Customer grants Provider a license to use Customer Data to create De-Identified Data for purposes of providing the Software and improving or developing new features. De-Identified Data will not identify Customer or its End Users and may be used for any lawful purpose.
Provider uses commercially reasonable industry standard security technologies and organizational measures to protect Customer Data from unauthorized access or disclosure.
Upon termination, Provider will archive Customer Data for one (1) year unless a longer period is required by law. During this period, Customer may request retrieval of archived data. After the retention period or upon written request, Provider will permanently delete Customer Data, subject to legal requirements.

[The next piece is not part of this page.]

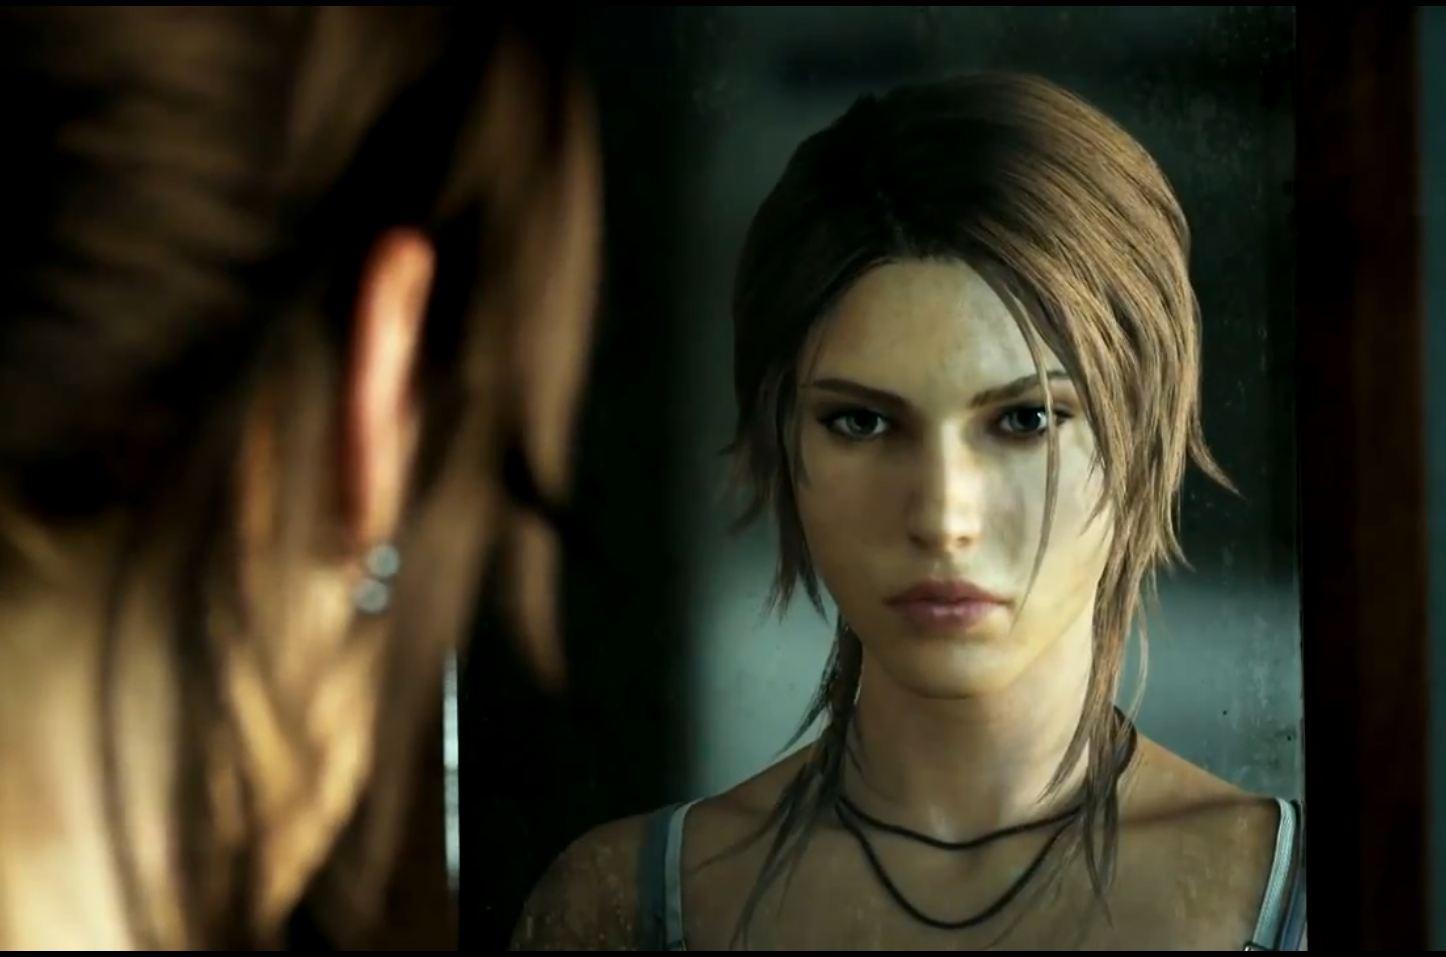 Tomb Raider sortie mars 2013 : Jaquette dévoilé  New-Tomb-Raider-2012-game-CG-movie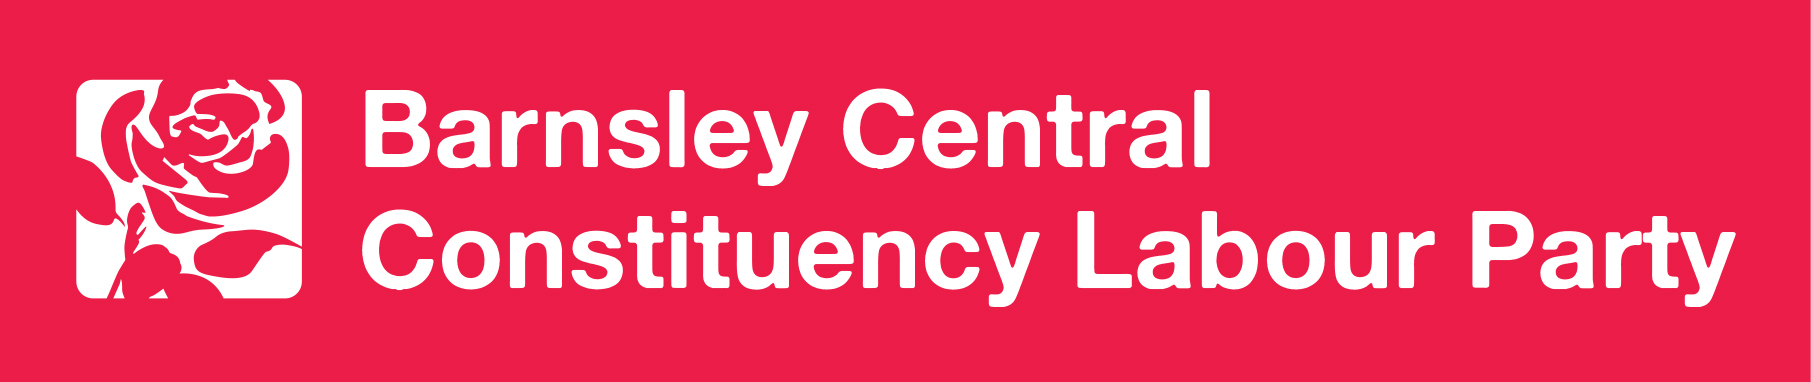 BarnsleyCentralCLP_Logo.jpg

Provider may retain minimal system logs, backups, or anonymized information for security, audit, or compliance purposes.
Provider will indemnify Customer for third-party claims that the Dapt Software infringes intellectual property rights, subject to limitations.
Customer will indemnify Provider for claims arising from Customer Data infringing third-party rights, breach of these Terms, or misuse of the Software.
To the maximum extent permitted by law, neither party will be liable for indirect, incidental, consequential, special, or punitive damages. Except for payment obligations, intellectual property misuse, indemnity obligations, and confidentiality breaches, each party’s liability will not exceed fees paid to Provider in the twelve (12) months preceding the event giving rise to the claim.
“Confidential Information” includes non-public information that should reasonably be understood as confidential.
Each party shall protect the other’s Confidential Information and only use it for purposes contemplated by these Terms.
Either party may disclose Confidential Information if required by law or regulation, with notice to the other party where permitted.
A breach of confidentiality may cause irreparable harm, and the injured party may seek injunctive relief in addition to other remedies.
Provider may revise these Terms by posting the modified version on its website. Continued use indicates acceptance of updated Terms.
Provider is not responsible for failures due to events beyond its reasonable control, such as outages, natural disasters, or epidemics.
These Terms are governed by the laws of the State of Maryland, and disputes must be brought in Maryland courts.
Customer may not assign these Terms without Provider’s consent.
Failure to enforce a provision does not waive rights to enforce it later. If any provision is invalid, the remainder remains in effect.
Customer shall not release publicity about these Terms without Provider’s consent. Provider may list Customer as a customer with consent.
Notices will be deemed given when delivered by certified mail, email, or overnight courier to the address in the Order Form.
Provisions intended to survive termination, including data, liability, and confidentiality sections, remain in effect.
These Terms and the applicable Order Form constitute the entire agreement between the parties.
Provider will use commercially reasonable efforts to make the Dapt Software available at least 99.5% of the time each calendar month, excluding exceptions.
Exceptions include failures due to Customer’s actions, internet connectivity, force majeure, scheduled or emergency maintenance, and third-party outages.
Provider will use reasonable efforts to notify Customer of scheduled and emergency maintenance.
Provider will provide updates, upgrades, releases, or other adaptations at no additional charge to similarly situated customers.
Provider will provide technical support Monday through Friday during general business hours. Documentation and instructions for initiating support requests are available on Provider’s website.